Researcher Hye-Chung Kum, PhD, associate professor at Texas A&M University in College Station, was involved in a study about this topic, titled “Controlling privacy risk in database studies for human subjects protection via a privacy budgeting system.”1

The study proposed a privacy budget system for human subject protection, using anonymity set size to define allowable risk in database studies.1

Kum explains more about the study and how this privacy budgeting system works in the folllowing Q&A:

IRB Advisor: How do you determine the anonymity set size (n)?

Kum: That should be based on the acceptable policies and practices of the organization and legal restrictions in the application.

For example, I am on a project where the DUA [data use agreement] specifies that aggregate data less than 10 cannot be published. In such situations, when anonymity set size equals 10, then information that represents less than 10 people will pose a risk that needs to be quantified. While, on the other hand, information that represents more than 10 people does not pose risk of identification and no risk is present.

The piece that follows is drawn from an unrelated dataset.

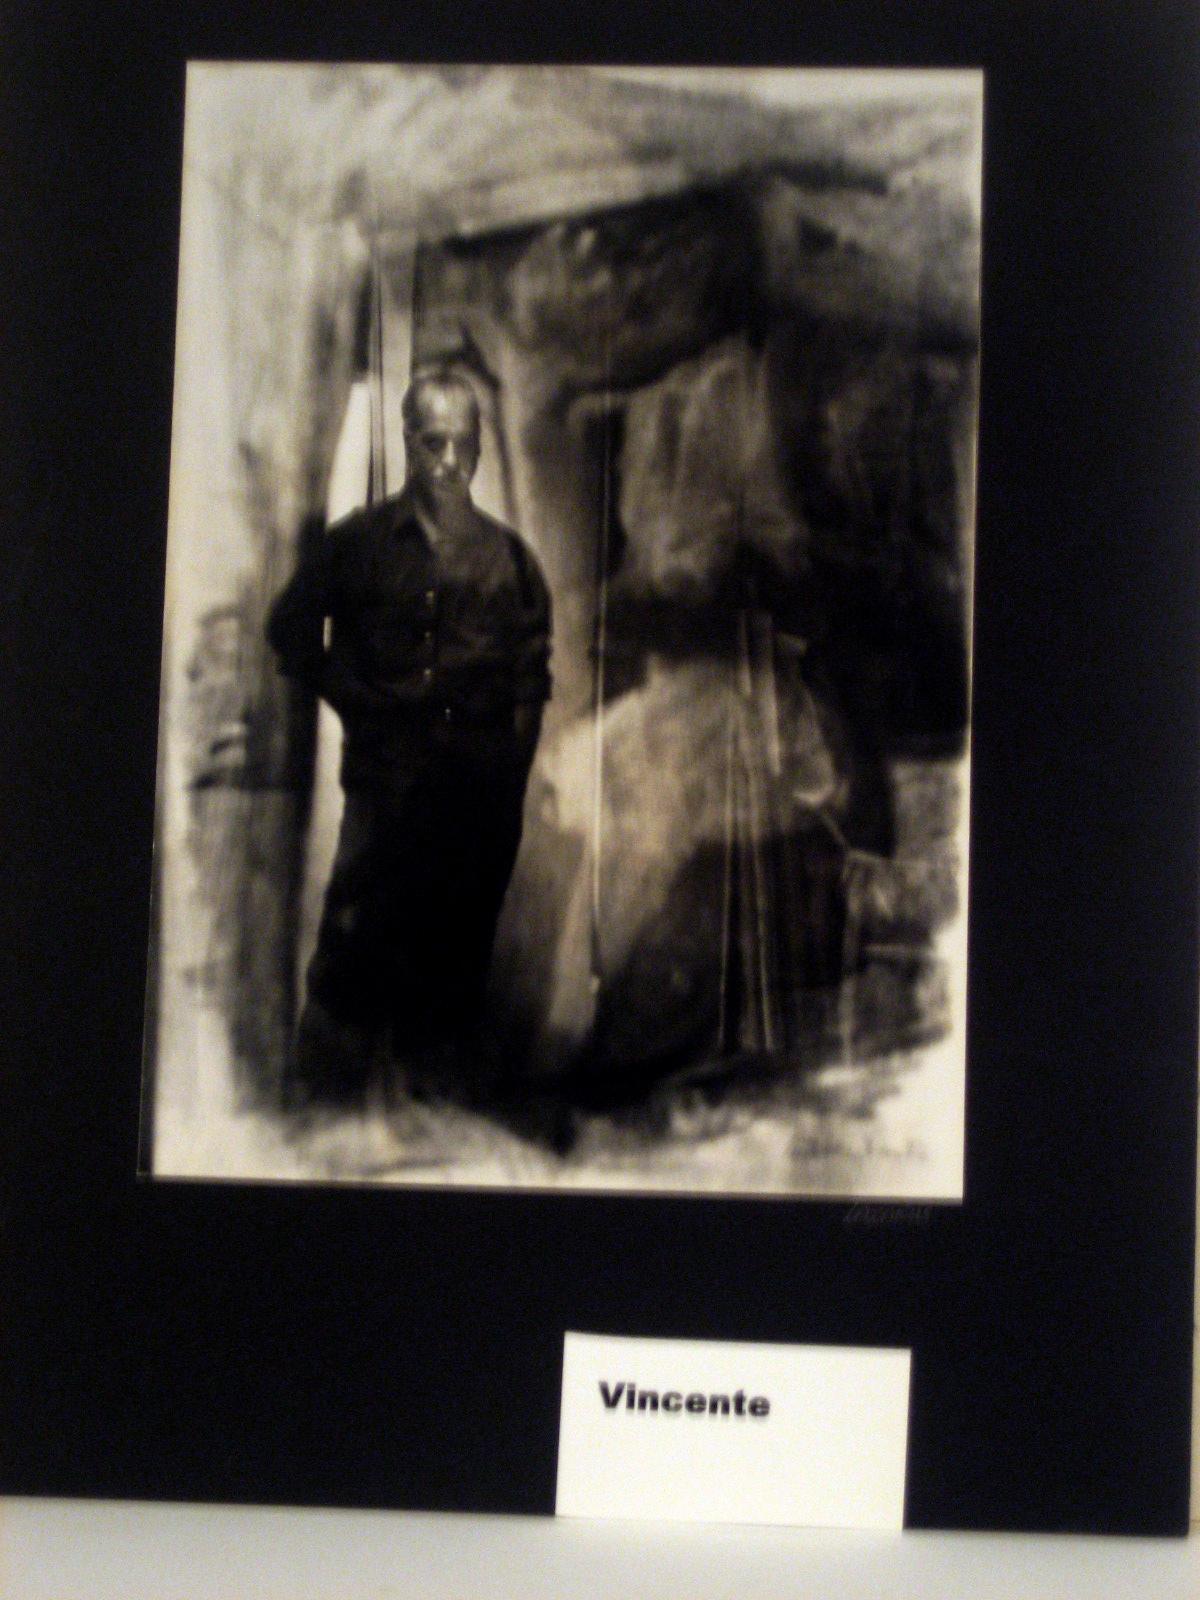 Vincenti 3.jpg

IRB Advisor: Why was this chosen as the way to define allowable risk in database studies?

Kum: I think there might be a misunderstanding. The anonymity set size is not the allowable risk, but rather the threshold where risk needs to be quantified. Information that presents more than the given anonymity set threshold is considered to not have any risk of privacy violation.

There is negligible risk of identification because the exposed information represents many people and, thus, the information is not sufficient to know who it is about. For example, if there are 10 people named “Tom” in the database, there is no way to know which of the 10 people that exposed information is about.

Although this level of detail is not discussed in the poster,1 the framework has a separate parameter that is set, called allowable risk, as a hard threshold if desired. When the allowable risk parameter is set, then no information is displayed unless information represents more than the allowable risk count. The default for this parameter is set to 1, meaning that any information may be displayed.

IRB Advisor: How does your privacy risk score work? What kind of score is it, and what does it mean when a person in a database has a rare name like “Hye-Chung”?

Kum: Let me answer the second question first. When a person in the database has a unique name, such as “Hye-Chung,” this means that the only information that has to be disclosed to know exactly who this person is would be just the first name.

On the other hand, if a person has a common name like “Tom,” this means that name itself is not much of a privacy risk since it has very little power to identify a unique person. So “Hye-Chung” has a high risk score, and “Tom” has a low risk score.

All information that is disclosed can be measured (that is, privacy risk measure) in terms of how unique the disclosed information is. So if you have a birthday, 2/29/2000, and you happen to be the only person in the database born on 2/29, just the month and day of your birth is sufficient to identify you exactly.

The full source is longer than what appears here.